Given records Start Marker
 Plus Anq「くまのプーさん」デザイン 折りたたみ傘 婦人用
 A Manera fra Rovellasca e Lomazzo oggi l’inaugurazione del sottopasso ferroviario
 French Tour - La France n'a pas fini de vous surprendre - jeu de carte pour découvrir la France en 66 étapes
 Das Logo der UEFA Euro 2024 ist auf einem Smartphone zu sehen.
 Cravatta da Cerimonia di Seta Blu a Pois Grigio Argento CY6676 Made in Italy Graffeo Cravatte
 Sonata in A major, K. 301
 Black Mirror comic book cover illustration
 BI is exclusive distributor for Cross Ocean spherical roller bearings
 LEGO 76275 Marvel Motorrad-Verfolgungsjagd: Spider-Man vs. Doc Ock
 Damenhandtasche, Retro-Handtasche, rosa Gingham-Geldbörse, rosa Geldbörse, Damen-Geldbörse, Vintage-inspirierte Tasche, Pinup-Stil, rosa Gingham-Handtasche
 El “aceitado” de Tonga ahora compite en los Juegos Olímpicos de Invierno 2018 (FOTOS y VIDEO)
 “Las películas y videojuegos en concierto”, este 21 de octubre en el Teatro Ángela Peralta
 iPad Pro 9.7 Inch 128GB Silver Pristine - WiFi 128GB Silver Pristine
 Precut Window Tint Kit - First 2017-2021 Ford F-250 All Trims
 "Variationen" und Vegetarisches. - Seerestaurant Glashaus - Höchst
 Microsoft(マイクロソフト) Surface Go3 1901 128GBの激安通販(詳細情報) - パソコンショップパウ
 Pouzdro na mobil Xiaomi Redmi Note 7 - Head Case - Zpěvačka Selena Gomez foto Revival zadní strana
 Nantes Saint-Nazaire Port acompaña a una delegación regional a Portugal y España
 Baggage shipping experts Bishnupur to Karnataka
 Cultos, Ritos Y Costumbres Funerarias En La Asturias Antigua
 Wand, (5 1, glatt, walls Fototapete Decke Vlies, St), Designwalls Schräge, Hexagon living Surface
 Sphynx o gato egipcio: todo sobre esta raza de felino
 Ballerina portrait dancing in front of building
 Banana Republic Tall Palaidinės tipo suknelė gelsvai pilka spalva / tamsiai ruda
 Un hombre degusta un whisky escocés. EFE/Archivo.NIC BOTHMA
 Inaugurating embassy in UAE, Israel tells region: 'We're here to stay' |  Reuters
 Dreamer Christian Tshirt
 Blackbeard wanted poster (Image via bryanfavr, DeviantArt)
Given records End Marker
In the records above, find each line with the string "Surface" and list it.

 Microsoft(マイクロソフト) Surface Go3 1901 128GBの激安通販(詳細情報) - パソコンショップパウ
 Wand, (5 1, glatt, walls Fototapete Decke Vlies, St), Designwalls Schräge, Hexagon living Surface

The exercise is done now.